After his second progression of disease, the patient received cisplatin (75 mg/m2) and pemetrexed (500 mg/m2) Q3W for four cycles with radiographic disease progression witnessed on his first scan, 12 weeks after starting therapy (Figure 1C). Pembrolizumab (200 mg Q3W) was added to the patient’s treatment regimen and provoked a dramatic radiographic response with decreased abdominopelvic ascites and peritoneal infiltration starting after two cycles and continuing throughout therapy (Fig 1D). Similar to Patient 1, Patient 2 experienced signs of tinnitus on cisplatin and was changed to carboplatin (4 mg/area under the curve, AUC) after two cycles. His carboplatin dose was subsequently lowered to 3 mg/AUC for cycle 5, and subsequently to 260 mg (flat dosing) which was continued for the duration of therapy. The patient continued with combination pembrolizumab/carboplatin/pemetrexed therapy with a continued disease response for 14 months. After that time, the patient exhibited radiographic abdominal disease progression. The patient strongly desired a treatment break and was taken off therapy. After continued progression off therapy, the patient eventually passed in the hospital on hospice care 19 months after his initial treatment with combination carboplatin, pemetrexed and pembrolizumab.
Discussion:
Malignant peritoneal mesothelioma (MPeM) is a rare and aggressive malignancy seen in less than 3 cases per million persons.[1] Although both MPeM and malignant pleural mesothelioma (MPM) are associated with exposure to asbestos, gene expression patterns between the two diseases are different, suggesting that peritoneal mesothelioma progresses in a distinct manner. BAP1 is often mutated in both MPeM and MPM, yet MPeM shows a lower occurrence of copy number alterations and NF2 mutations. [2–3]

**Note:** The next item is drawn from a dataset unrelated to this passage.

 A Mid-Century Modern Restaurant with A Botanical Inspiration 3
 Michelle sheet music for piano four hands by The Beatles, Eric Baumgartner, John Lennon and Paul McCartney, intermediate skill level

The prognosis for patients with MPeM is poor, with a one and two-year overall survival of 47% and 20%, respectively.[4] Cytoreductive surgery (CRS) with perioperative intraperitoneal or systemic chemotherapy is indicated for patients who show no extraperitoneal disease spread and acceptable performance status. Unresectable disease is treated with first-line cisplatin and pemetrexed chemotherapy which has been associated with a median overall survival of 13 months and an overall response rate (ORR) of 26%.[5] Few late-line treatment options exist for patients with unresectable MPeM.
Sole ICI therapy has shown minimal success in prospective trials accruing patients with MPeM (Table 1). In a phase IIB double-blinded, randomized control trial of tremelimumab ICI versus placebo in patients with mesothelioma (including 26 patients with MPeM), only 4.5% demonstrated an objective response (no complete responses), and tremelimumab did not improve overall survival. [6] A separate phase II trial of single-agent pembrolizumab in MPeM and MPM showed similar findings. [7]
Table 1:
Prospective clinical trials examining immune checkpoint inhibitor therapy in Malignant Peritoneal Mesothelioma
| Authors | Year | Trial Description | Treatment Description | Number pleural mesothelioma patients | Number peritoneal mesothelioma patients | Number Patients with Objective Response/Total Patients (%) |
|---|---|---|---|---|---|---|
| Maio et al.6 | 2017 | Phase IIB double-blinded, placebo-controlled RCT | IV tremelimumab (until PD) versus placebo | 543 | 26 | 17/382 (4.5%)* |
| Desai et al.7 | 2018 | Phase II single-arm trial | IV pembrolizumab (until PD) | 56 | 8 | 1/8 (12%)+ |
| Calabro et al.10 | 2018 | Phase II single arm trial | IV tremelimumab and durvalumab (4 cycles) followed by maintenance durvalumab (9 cycles) | 38 | 2 | 11/40 (28%)* |
| Pratap and Raghav et al.12 | 2020 | Phase II single-arm trial | IV atezolizumab and bevacizumab (until PD) | 0 | 20 | 7/20 (35%)+ |
RCT (randomized control trial), IV (intravenous), PD (progressive disease).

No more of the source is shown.